DATASET EXTRACT -
###
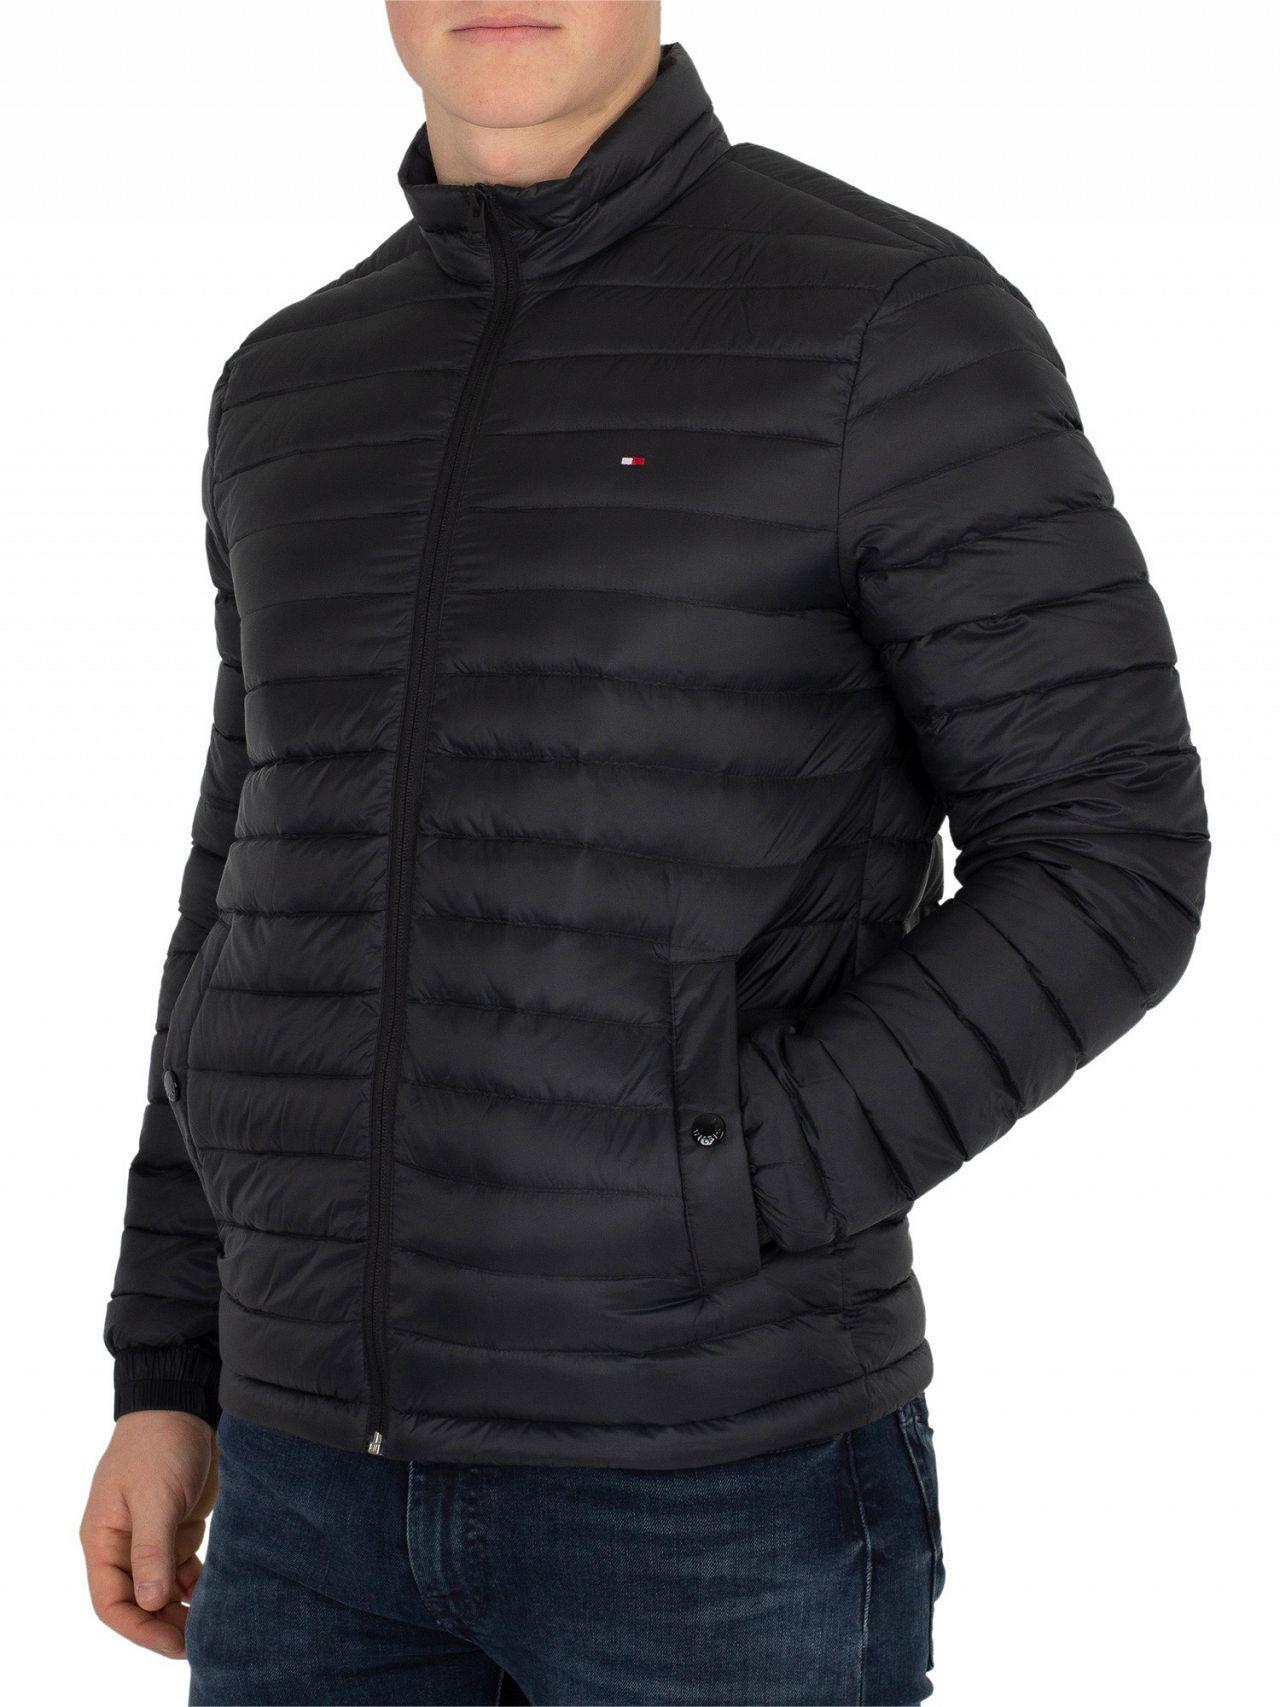 d18751e50294 Lyst - Tommy Hilfiger Jet Black Core Lightweight Packable Down Jacket in  Black for Men
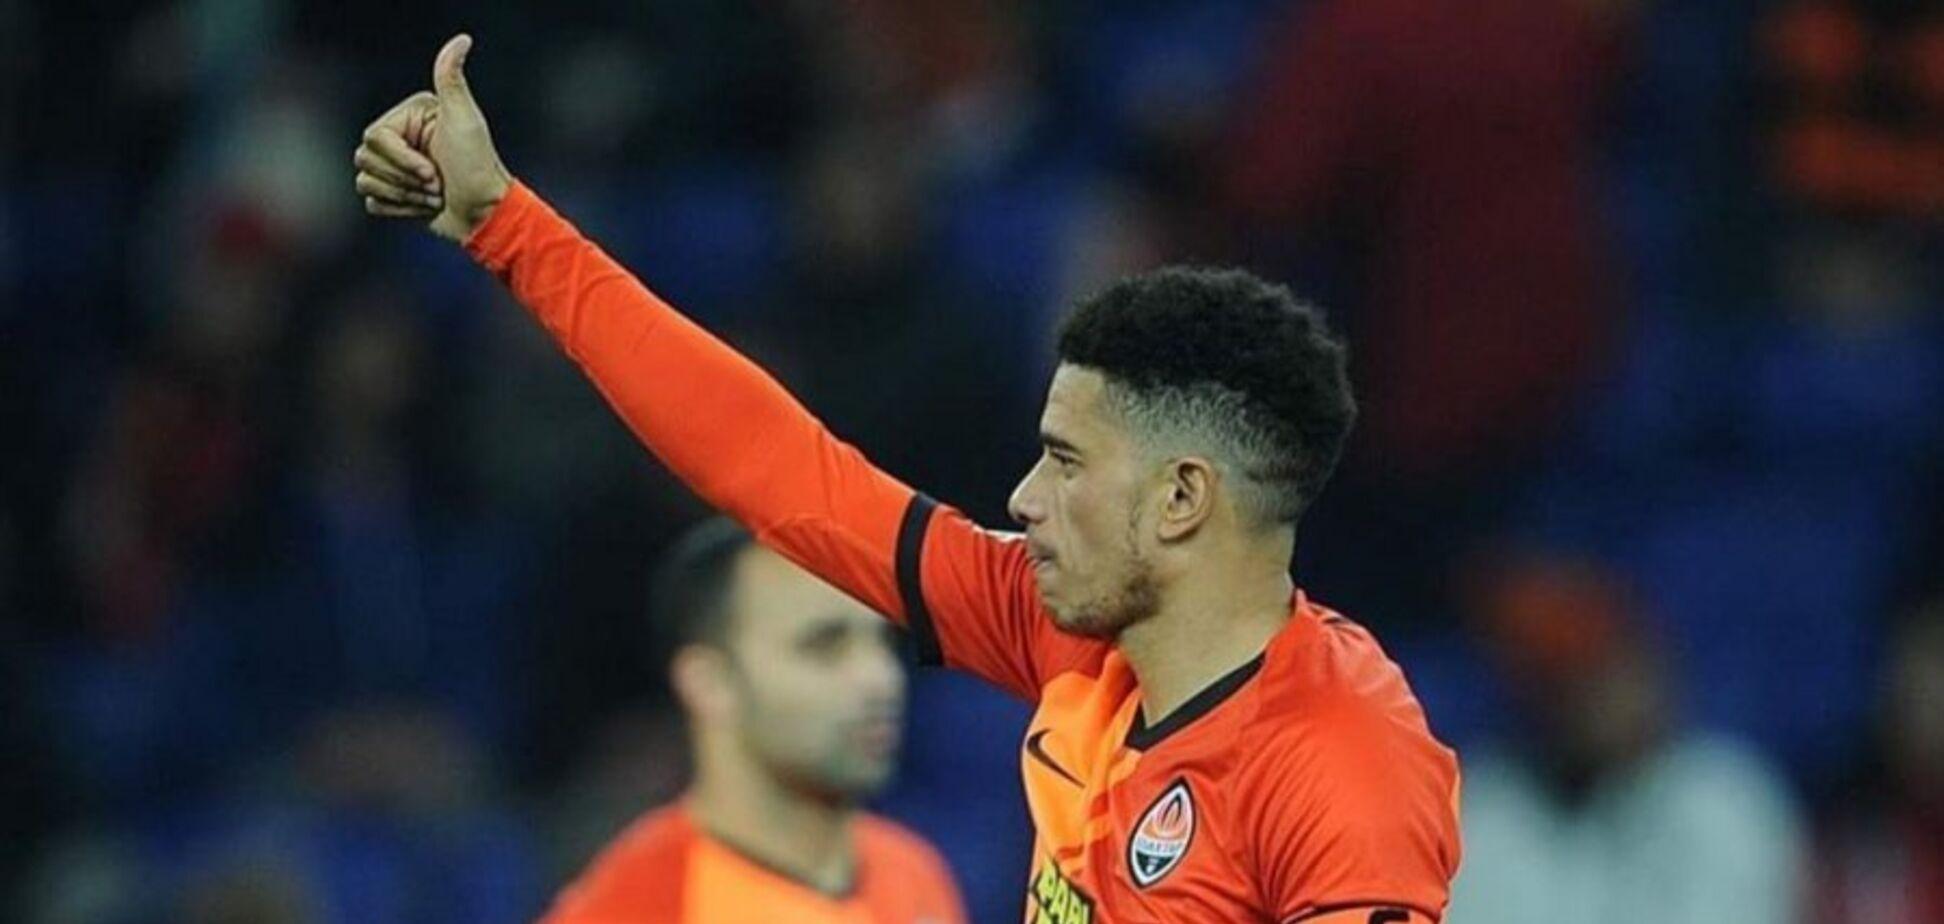 'Не подумал': Тайсон сделал признание о скандале в матче с 'Динамо'
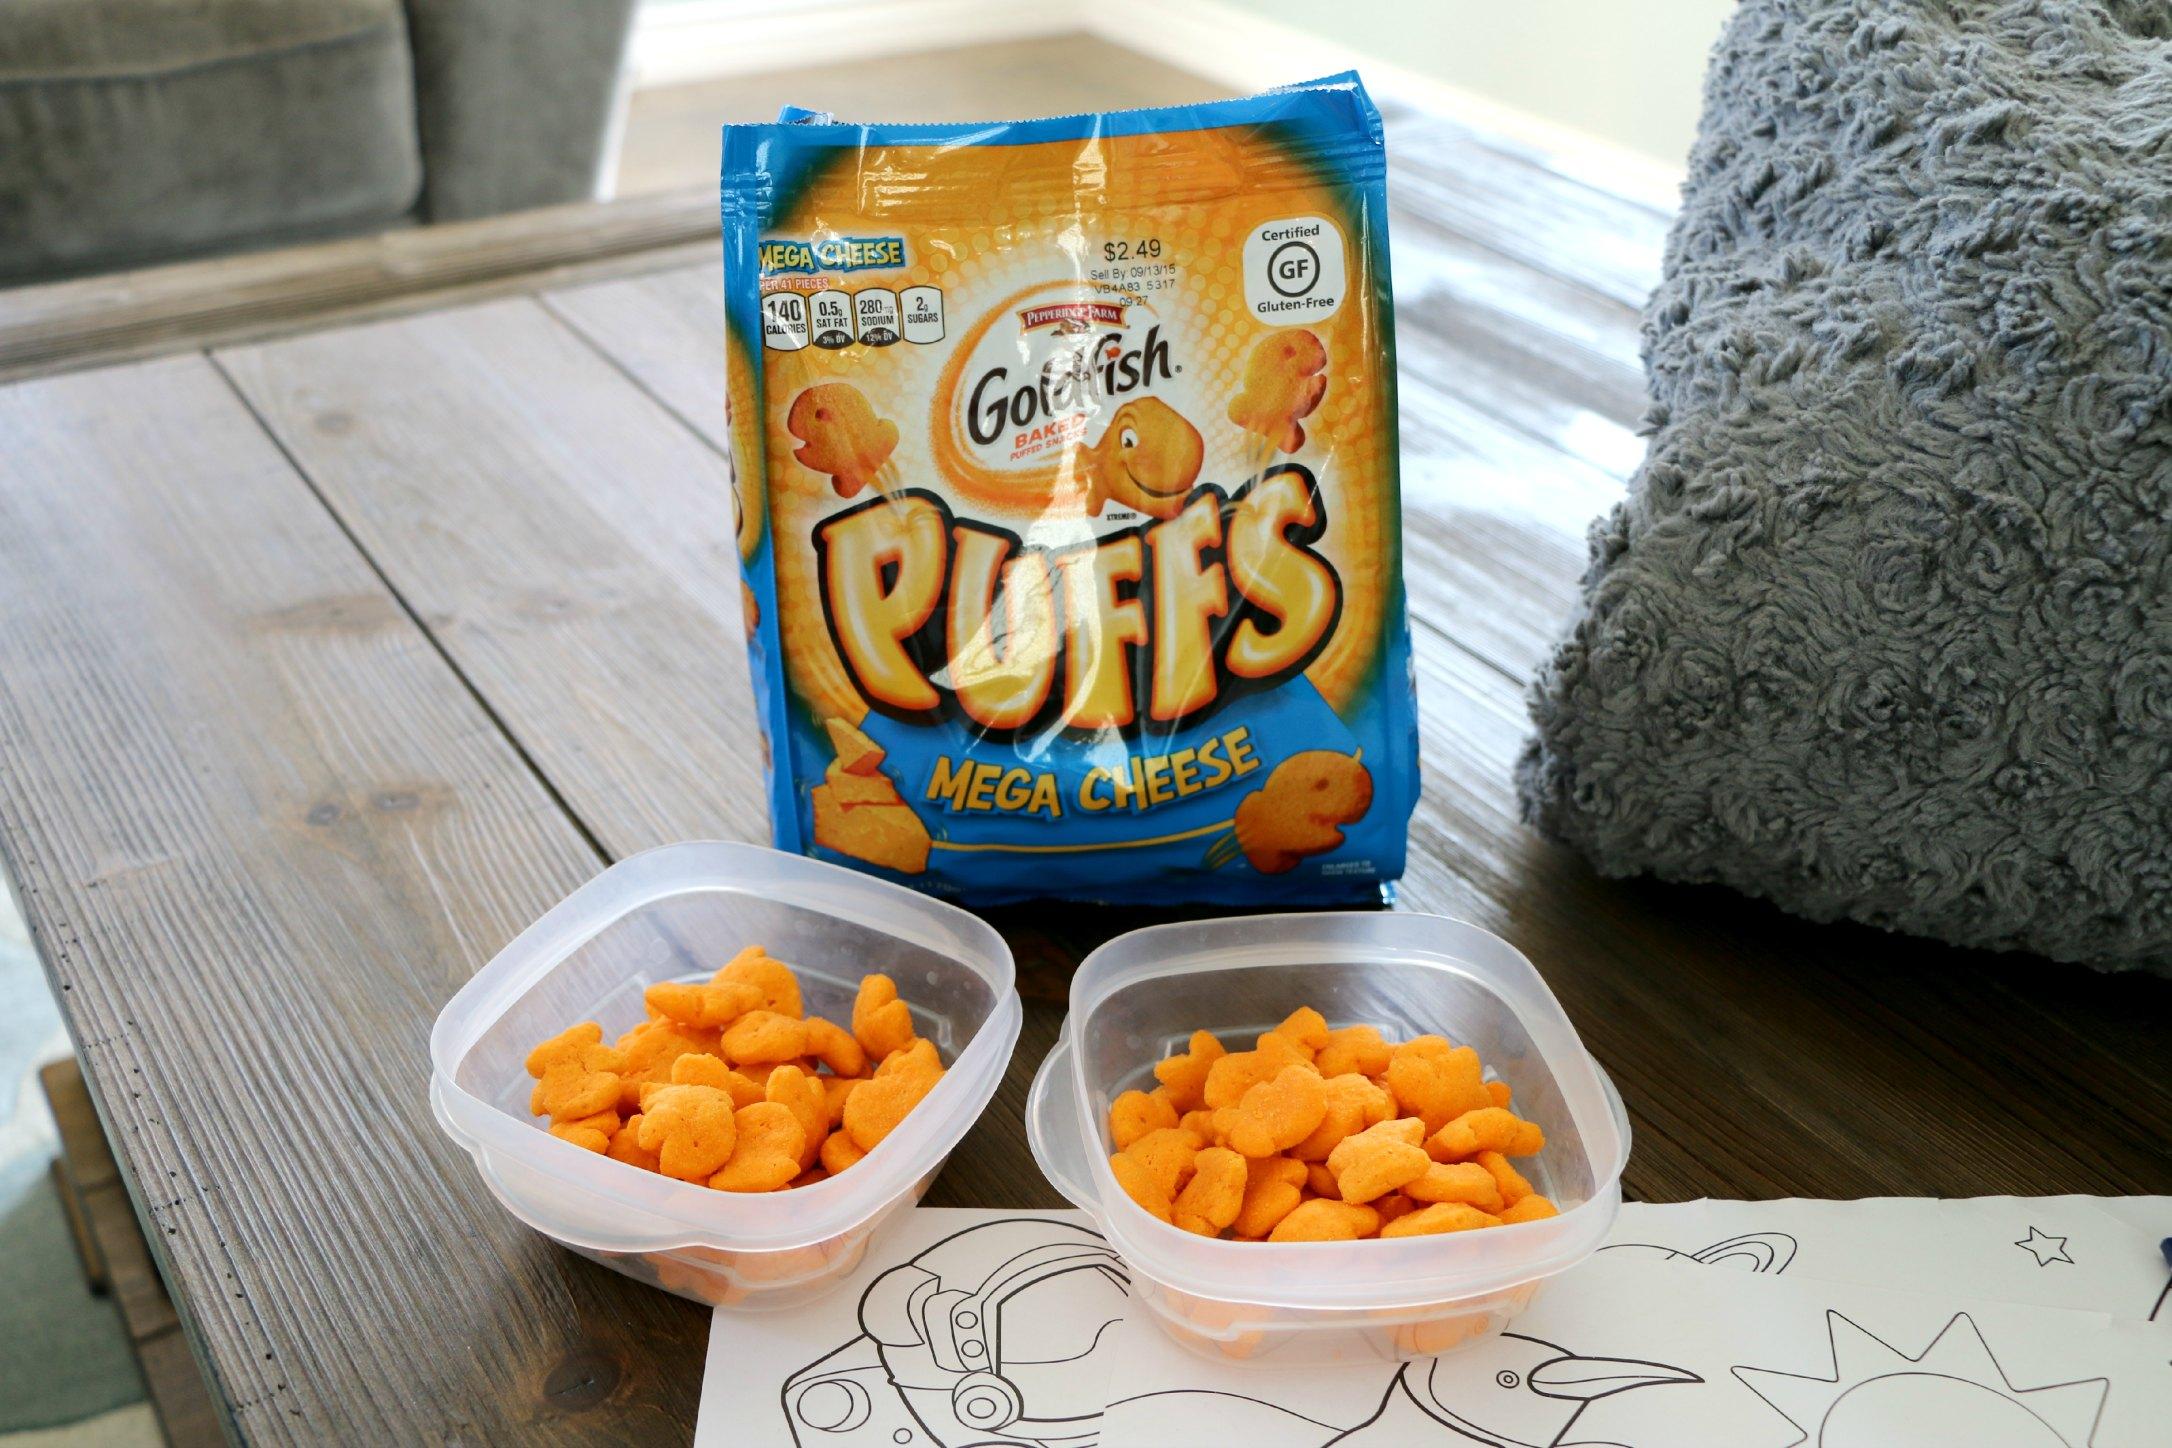 goldfish puffs mega cheese
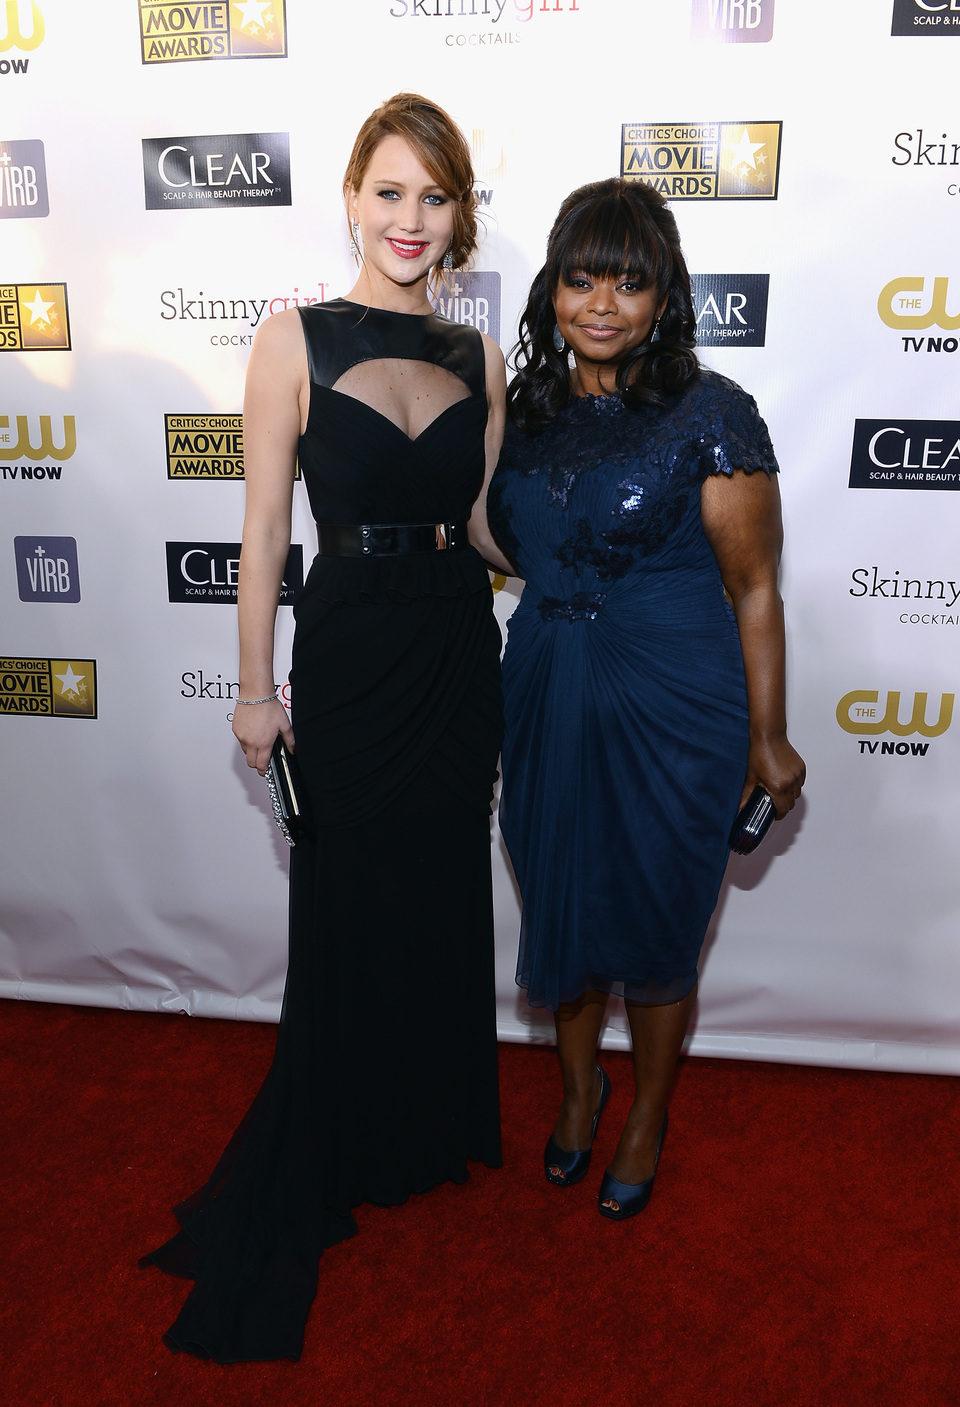 Jennifer Lawrence y Octavia Spencer en los Critics' Choice Movie Awards 2013
###
Give the listing again in full, exactly as it is, but without its images.

 d18751e50294 Lyst - Tommy Hilfiger Jet Black Core Lightweight Packable Down Jacket in  Black for Men
 'Не подумал': Тайсон сделал признание о скандале в матче с 'Динамо'
 goldfish puffs mega cheese
 Jennifer Lawrence y Octavia Spencer en los Critics' Choice Movie Awards 2013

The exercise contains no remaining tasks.